Closed Bug 766579 Opened 12 years ago Closed 12 years ago

Support stack intertwining (C++/JS/Labels)

Categories

(Core :: Gecko Profiler, defect)

x86
macOS
defect
Not set
normal

Tracking

()

RESOLVED FIXED

People

(Reporter: BenWa, Assigned: BenWa)

References

Details

Attachments

(3 files, 8 obsolete files)

Currently when profiling we either operate in 'stackwalk' mode or 'pseudostack' mode. Full frame information is present in the C++ stack, while with bug 707308 we will get rich contextual information including JS and URI information.

The goal is to intertwine the two stacks using the stack pointer and bring this data together into a single stack.
Assignee: nobody → bgirard
Status: NEW → ASSIGNED
Attachment #634933 - Flags: feedback?
Attachment #634933 - Flags: feedback? → feedback?(jmuizelaar)
Fixed a todo comment
Attachment #634933 - Attachment is obsolete: true
Attachment #634933 - Flags: feedback?(jmuizelaar)
Attachment #634934 - Flags: feedback?(jmuizelaar)
Comment on attachment 634934 [details] [diff] [review]
Part 1: Add SP param to NS_StackWalk

I think you should get dbaron's approval on the NS_StackWalk changes (although they look fine to me).
Depends on: 707308
Comment on attachment 634934 [details] [diff] [review]
Part 1: Add SP param to NS_StackWalk

A bit more context why this is needed:

We keep two separate stack. By knowing what the SP are for each of the entry, the upcoming part 2 patch will be able to order them in a single stack when recording a sample.
Attachment #634934 - Flags: review?(dbaron)
Attachment #635102 - Flags: review?(jmuizelaar)
Could you describe (preferably in a code comment) how the stack pointer and code pointer pairs are supposed to be associated?  I can imagine two, or maybe four possible answers.  In particular:

1. A stack pointer should be an address on the stack that partitions the stack into pieces associated with different functions.  Is the stack pointer passed along with the PC of the caller (more likely, I'd think) or the PC of the callee?
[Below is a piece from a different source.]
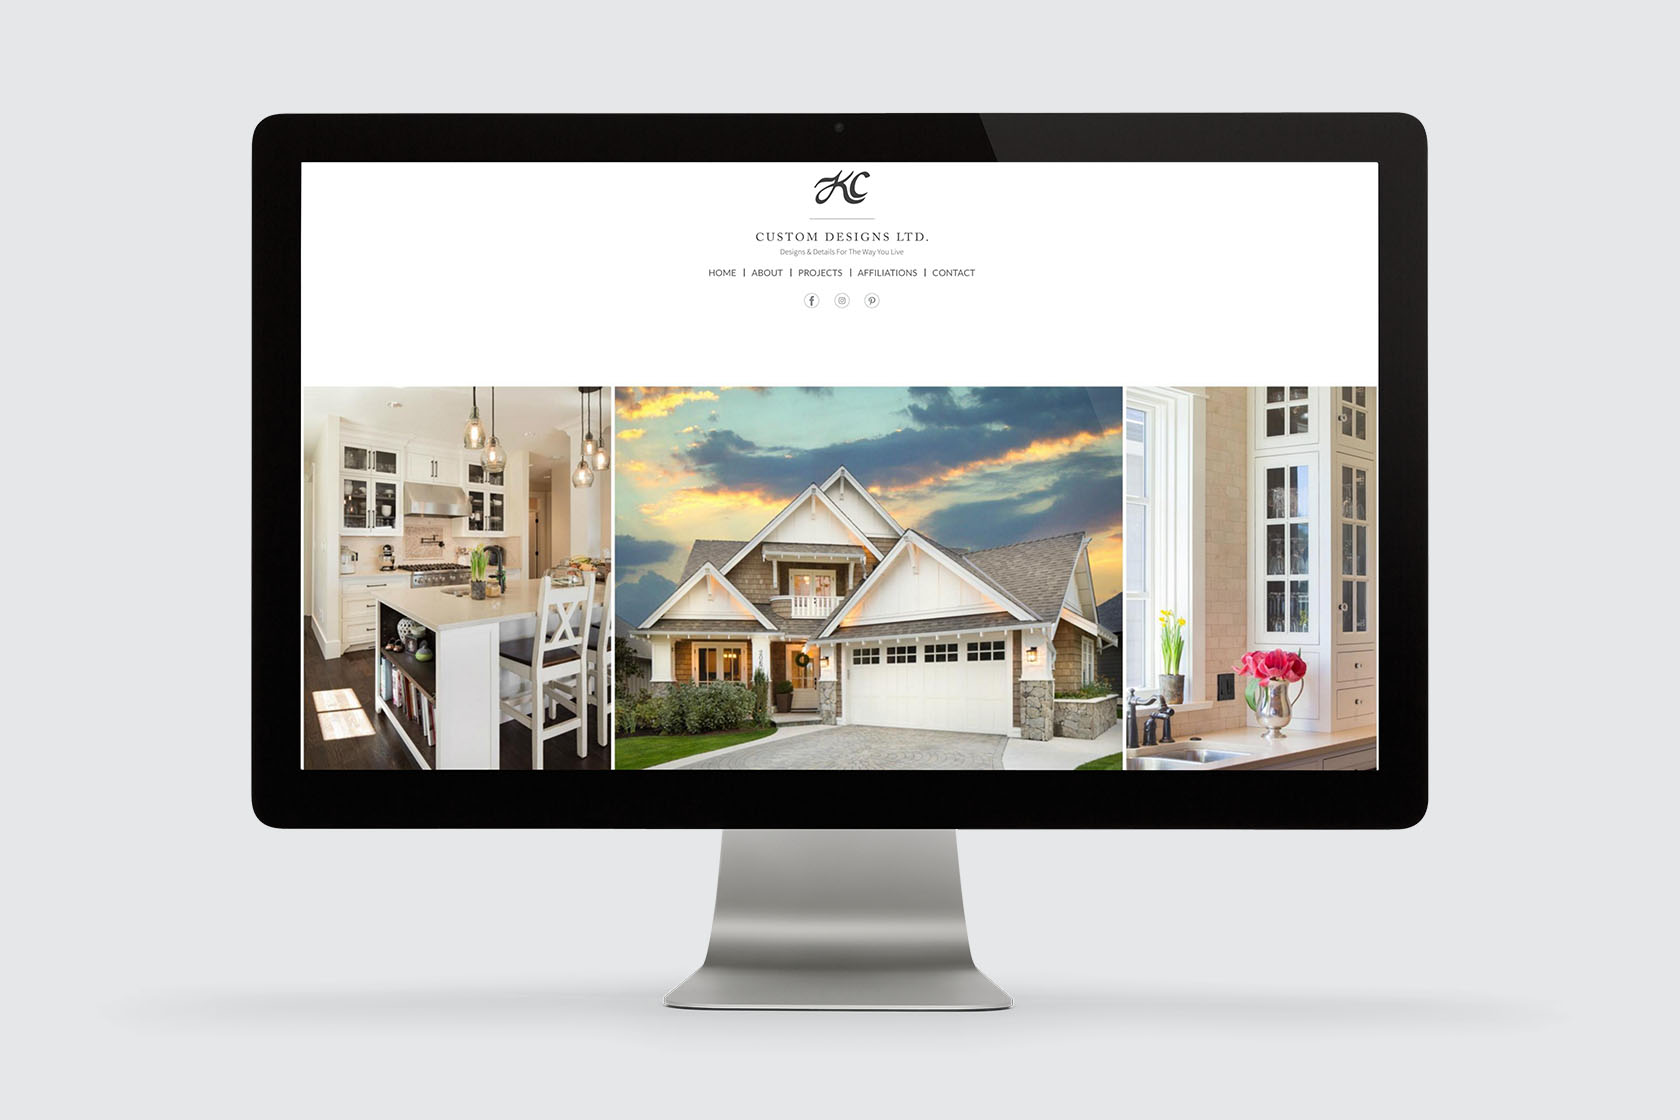 Kc custom designs ltd for Design homes kc

2. I'd presume that you're defining the stack pointer such that any address greater than or equal to the stack pointer is associated with one stack frame, and any address less than the stack pointer is associated with the other.  (With no prejudice as to which is callee vs. caller, since it could be either way.)  I don't think it much matters which frame the saved PC (and maybe saved stack pointer) are associated with, though, but if it happens to be consistent you should perhaps define it in the comment as well.
(In reply to David Baron [:dbaron] from comment #7)
> Could you describe (preferably in a code comment) how the stack pointer and
> code pointer pairs are supposed to be associated?  I can imagine two, or
> maybe four possible answers.  In particular:
> 
> 1. A stack pointer should be an address on the stack that partitions the
> stack into pieces associated with different functions.  Is the stack pointer
> passed along with the PC of the caller (more likely, I'd think) or the PC of
> the callee?
> 
> 2. I'd presume that you're defining the stack pointer such that any address
> greater than or equal to the stack pointer is associated with one stack
> frame, and any address less than the stack pointer is associated with the
> other.  (With no prejudice as to which is callee vs. caller, since it could
> be either way.)  I don't think it much matters which frame the saved PC (and
> maybe saved stack pointer) are associated with, though, but if it happens to
> be consistent you should perhaps define it in the comment as well.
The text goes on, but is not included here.